* [TASK TO COMPLETE] Repeat the data exactly, leaving out any image.

* [MATERIAL PROVIDED]
————————

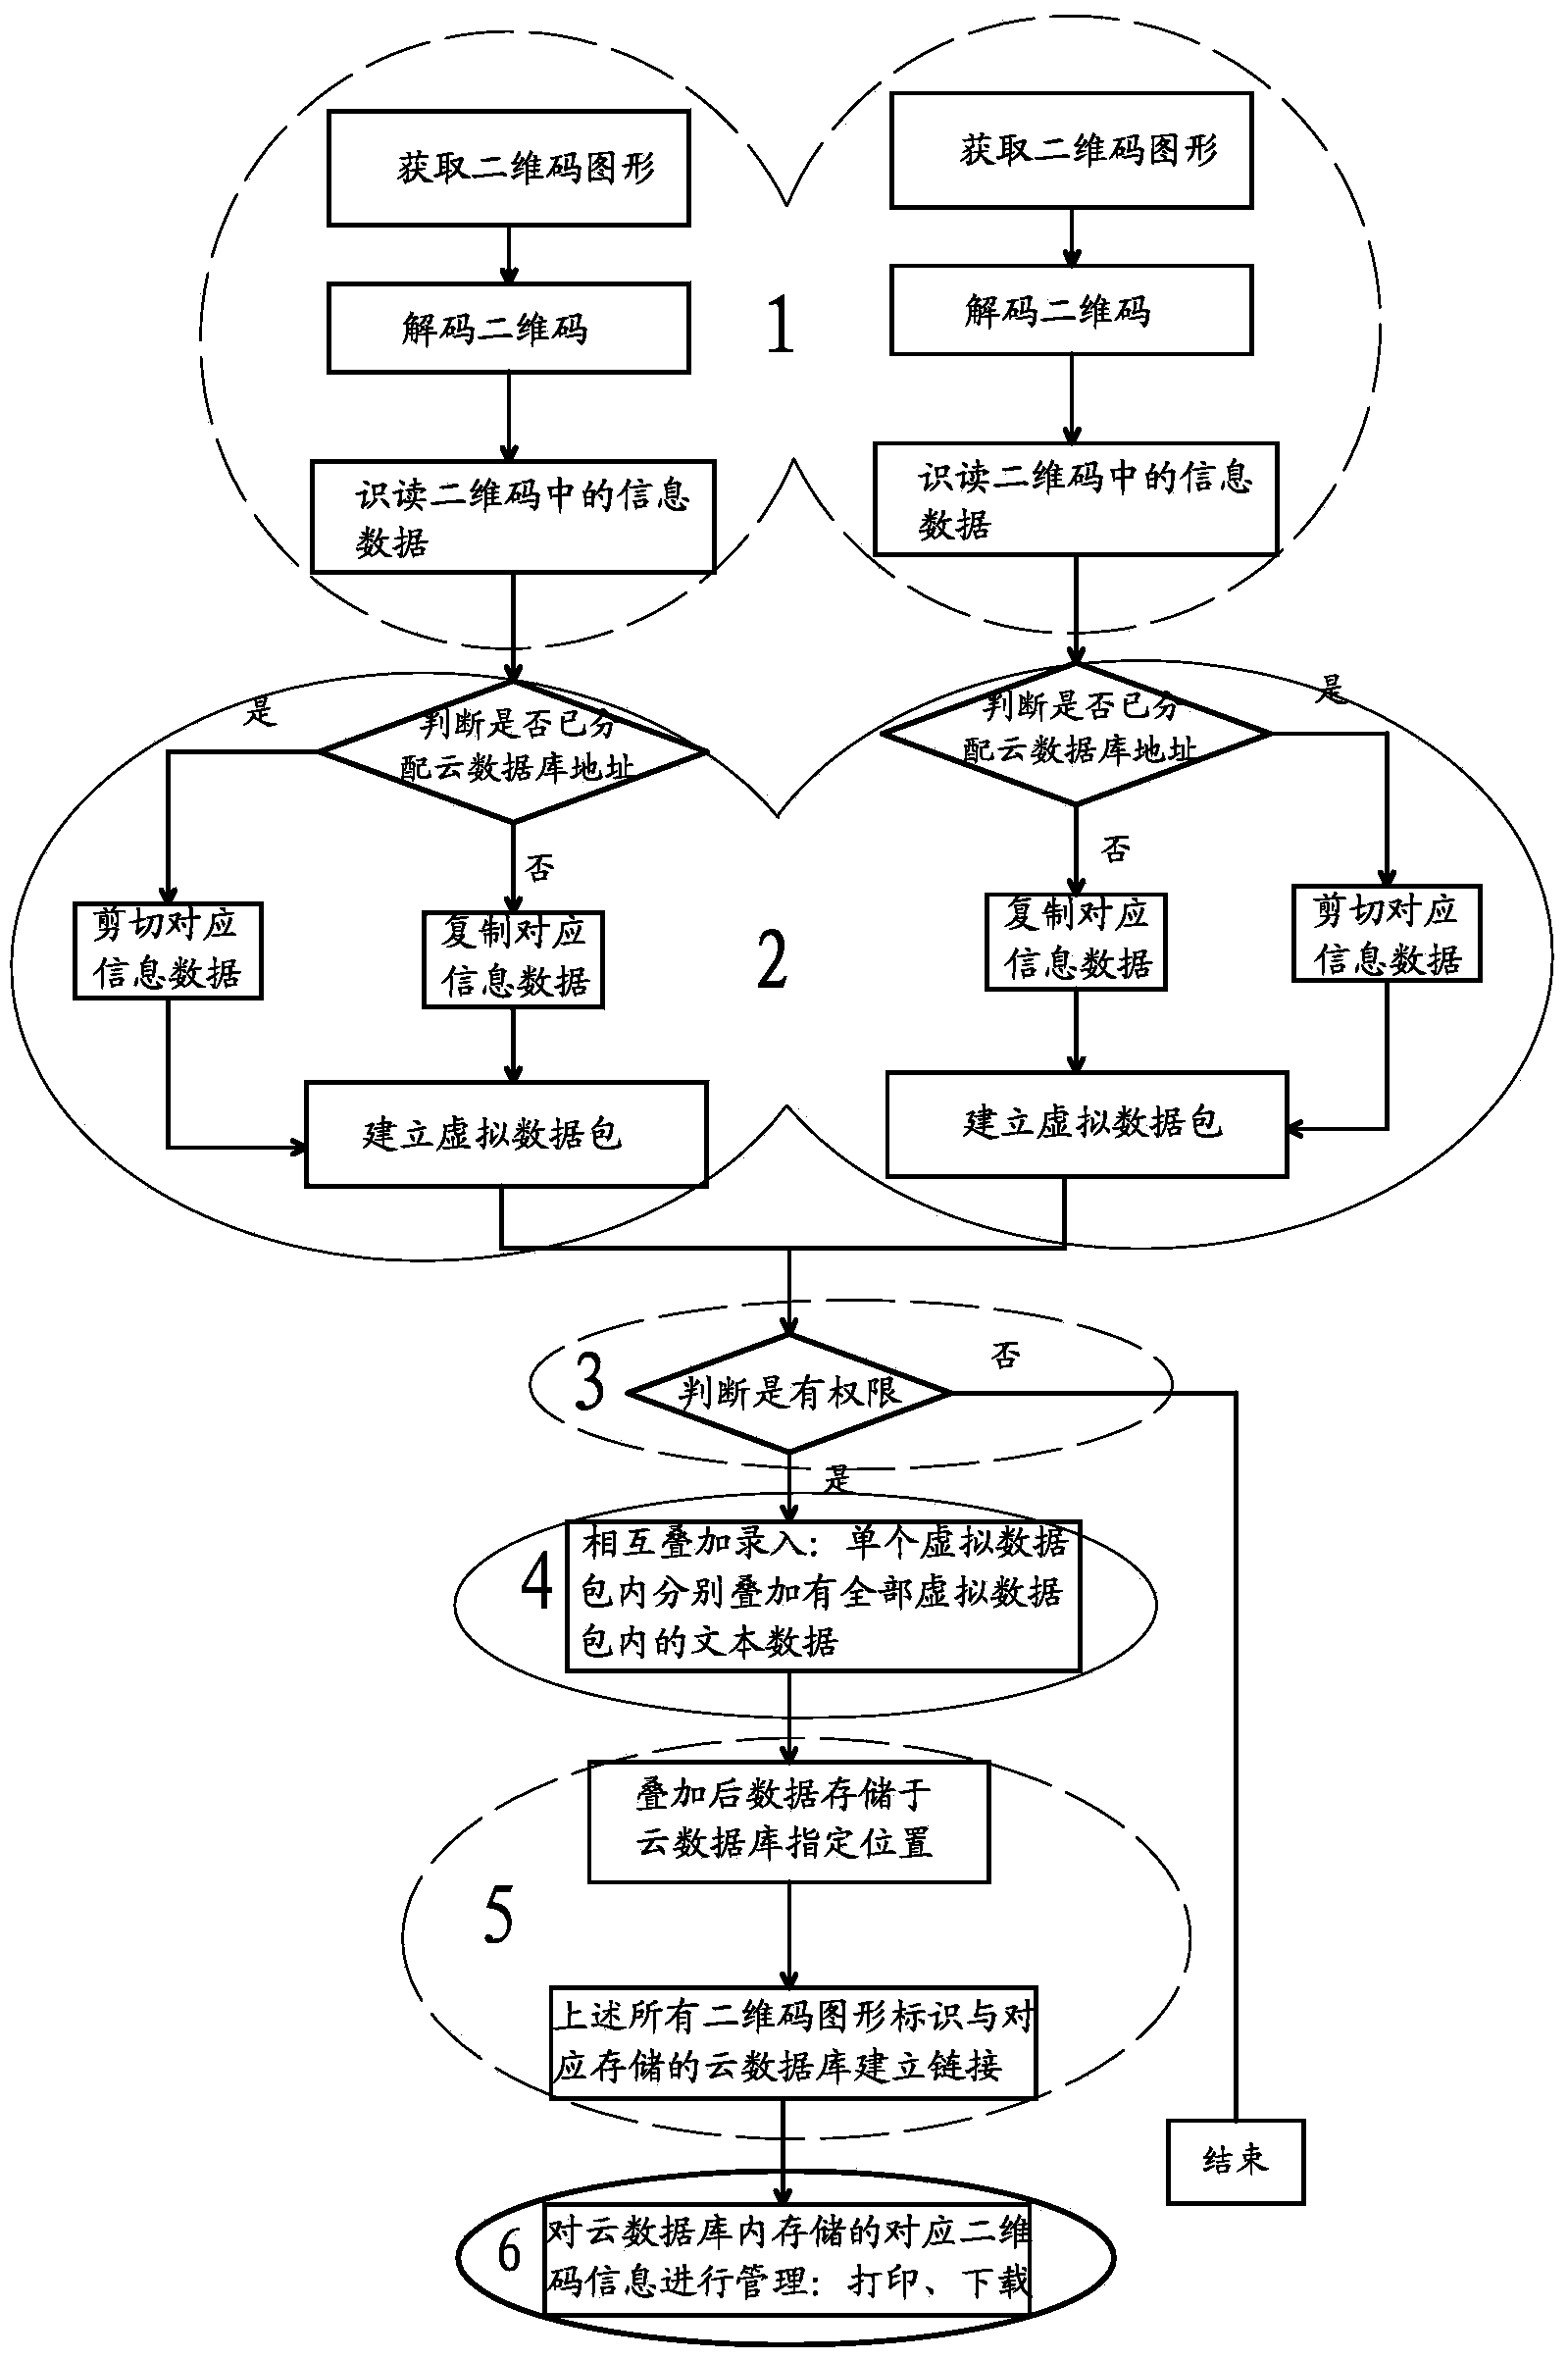 Method and system for superimposition inputting of two-dimensional code information data
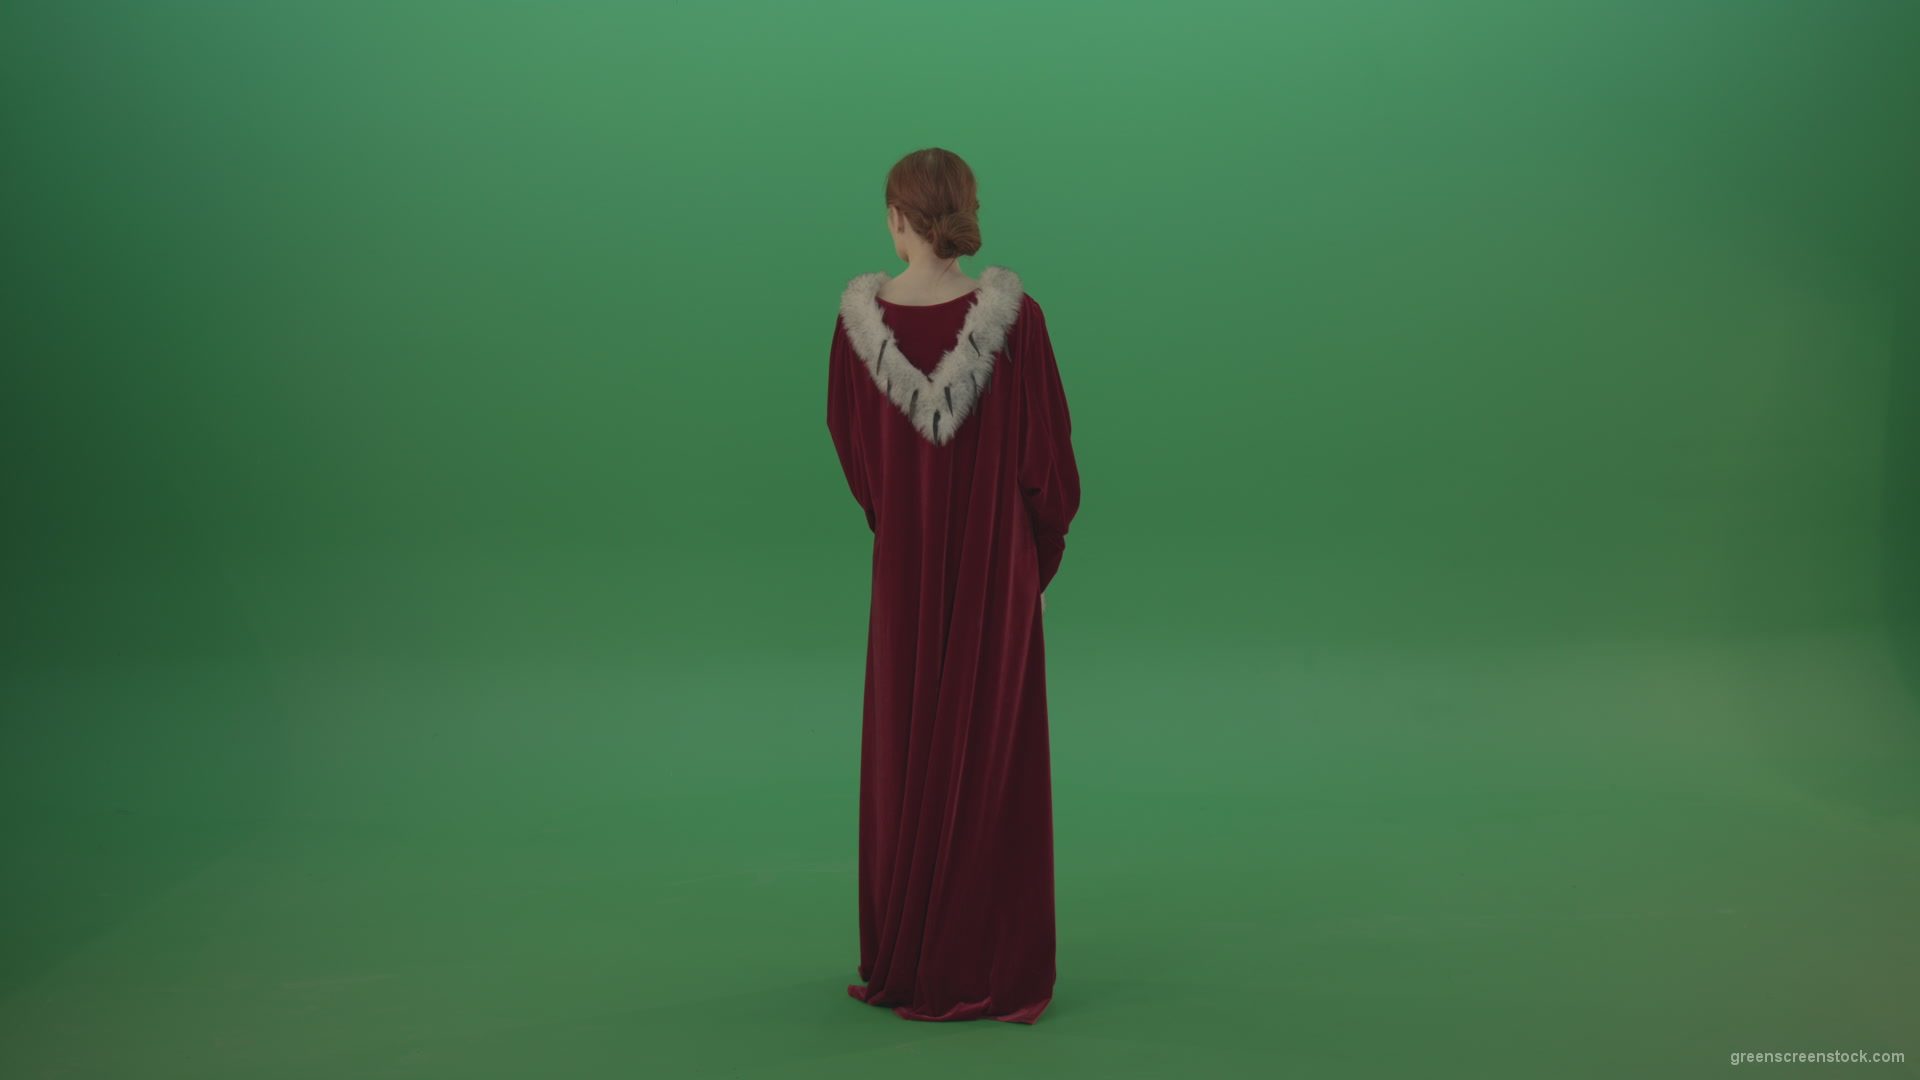 Elegant-woman-princess-with-light-movements-shows-her-beauty-dressed-in-red-cloak-on-a-green-background_005 Green Screen Stock
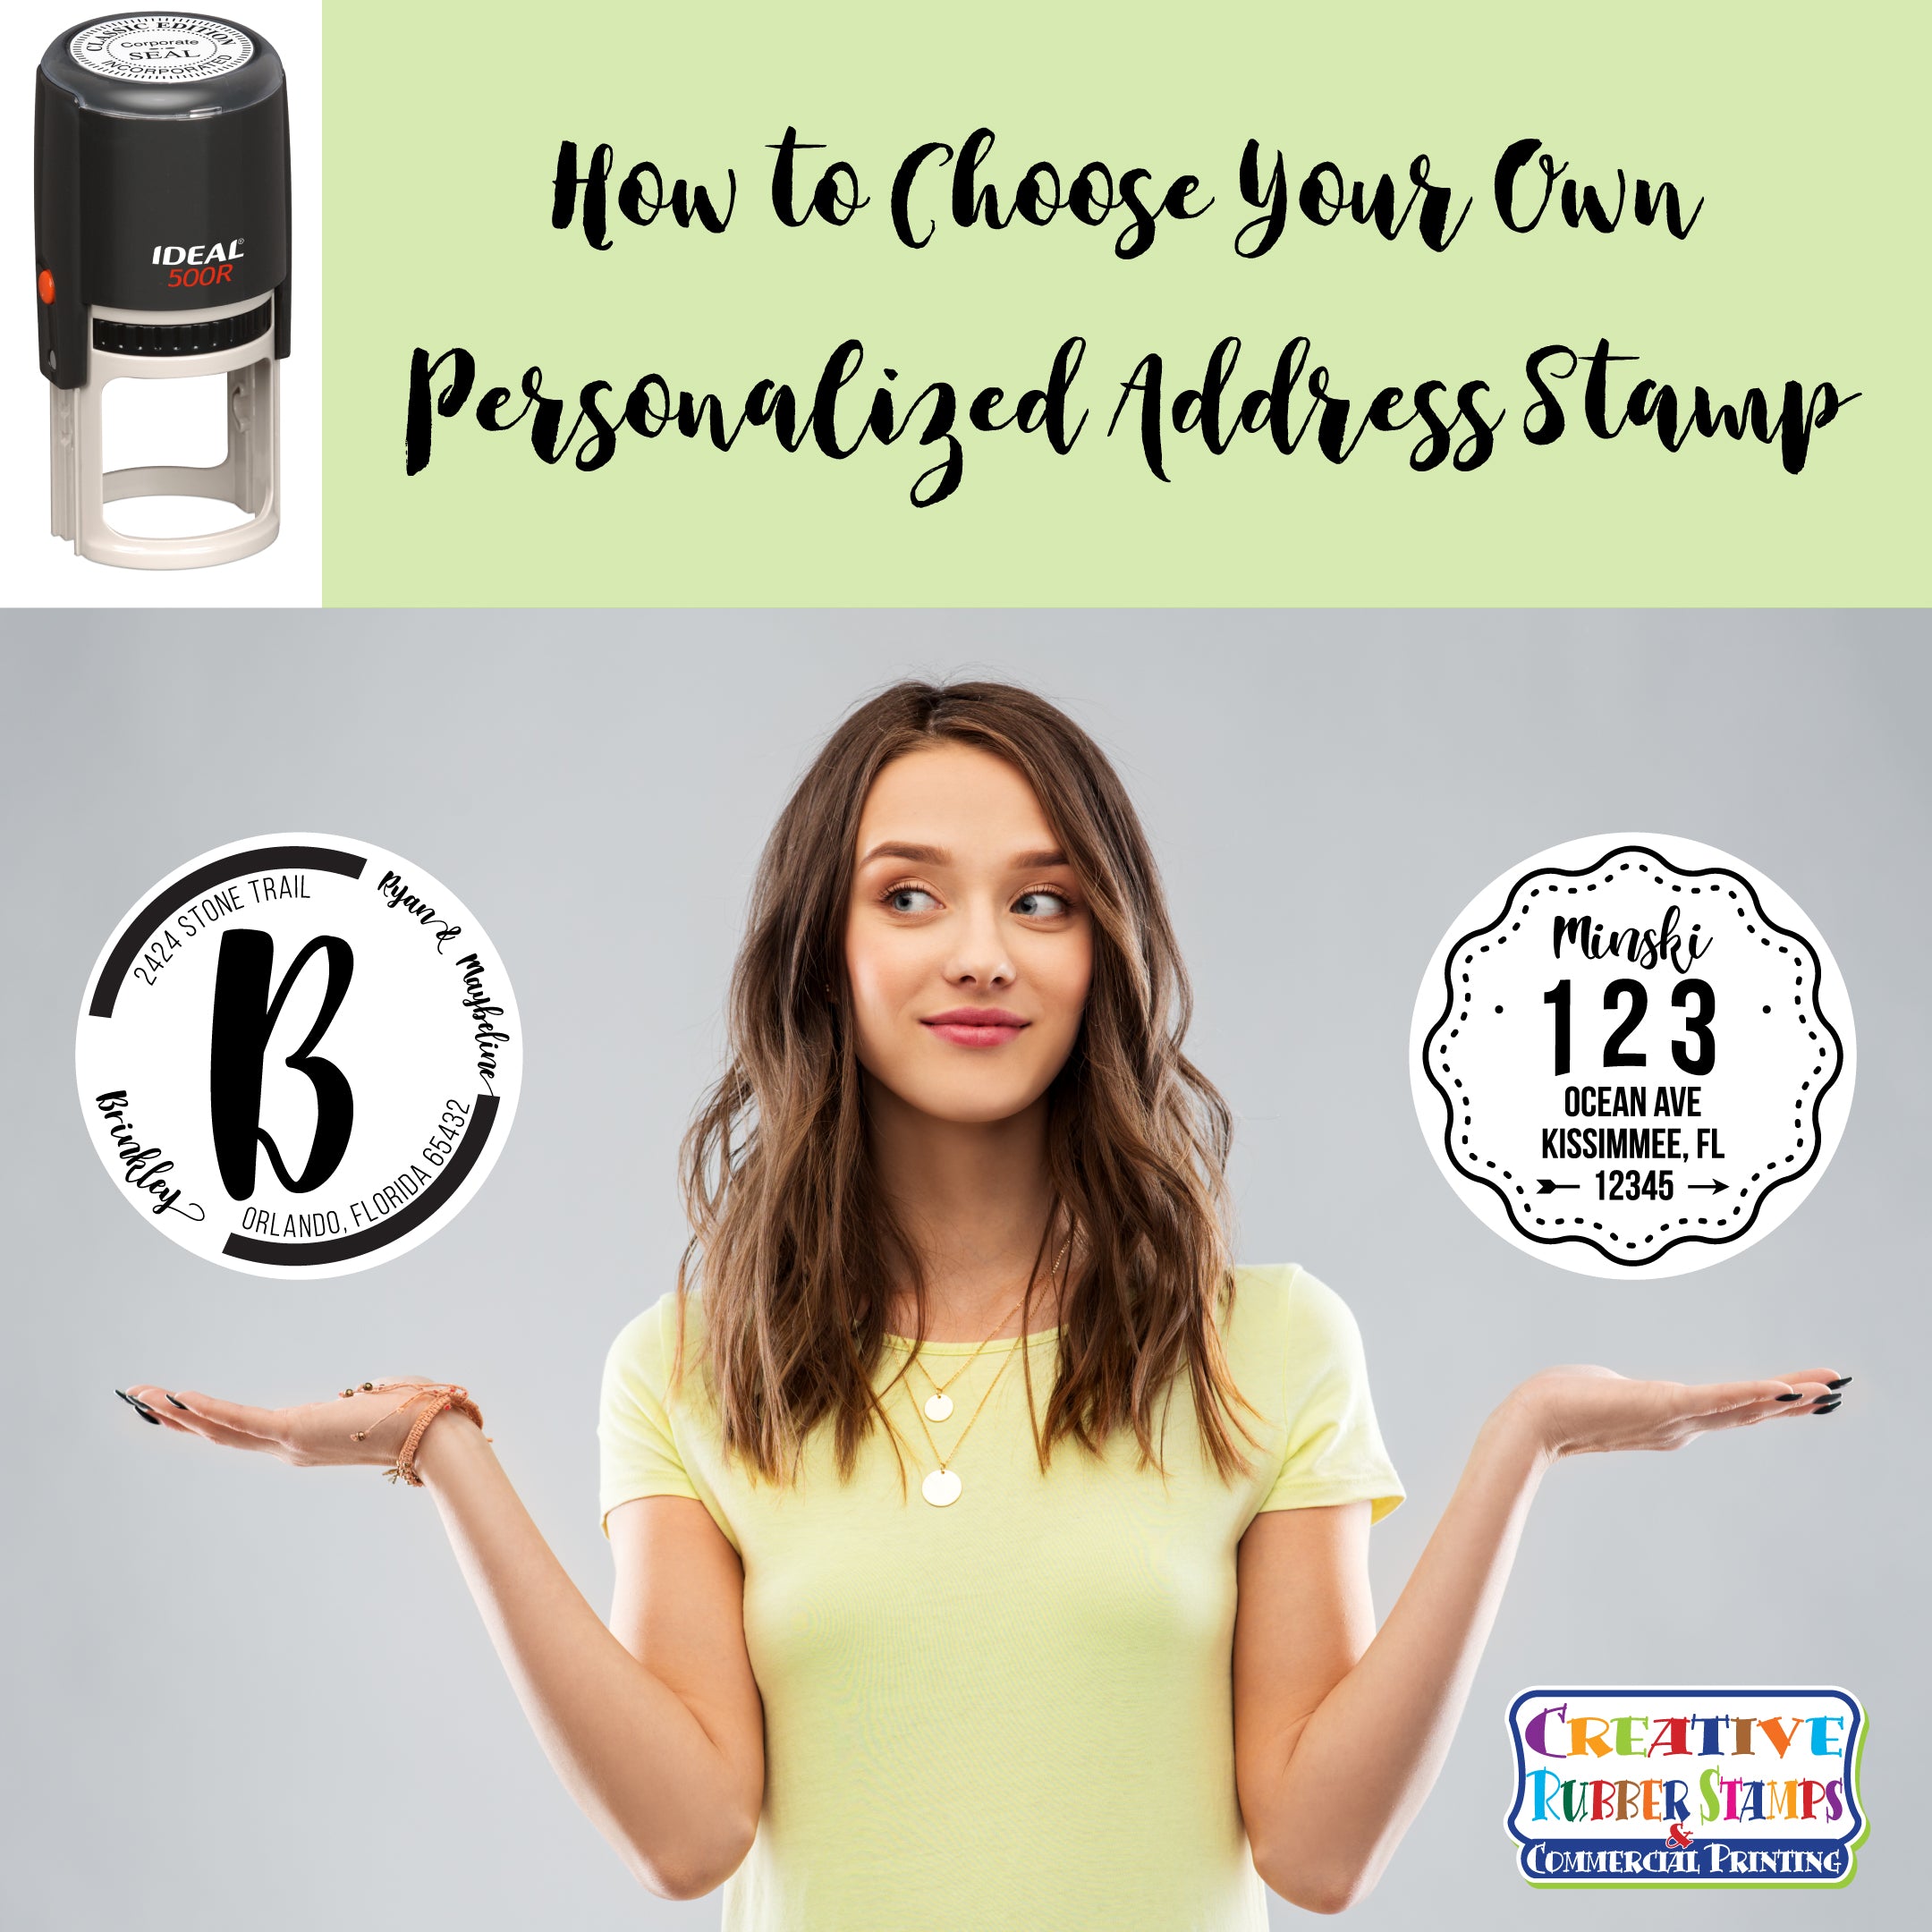 Why Do You Need Your Own Customized Rubber Stamp?

————————

* [ANSWER TO THE PROBLEM]
 Method and system for superimposition inputting of two-dimensional code information data
 Elegant-woman-princess-with-light-movements-shows-her-beauty-dressed-in-red-cloak-on-a-green-background_005 Green Screen Stock
 Why Do You Need Your Own Customized Rubber Stamp?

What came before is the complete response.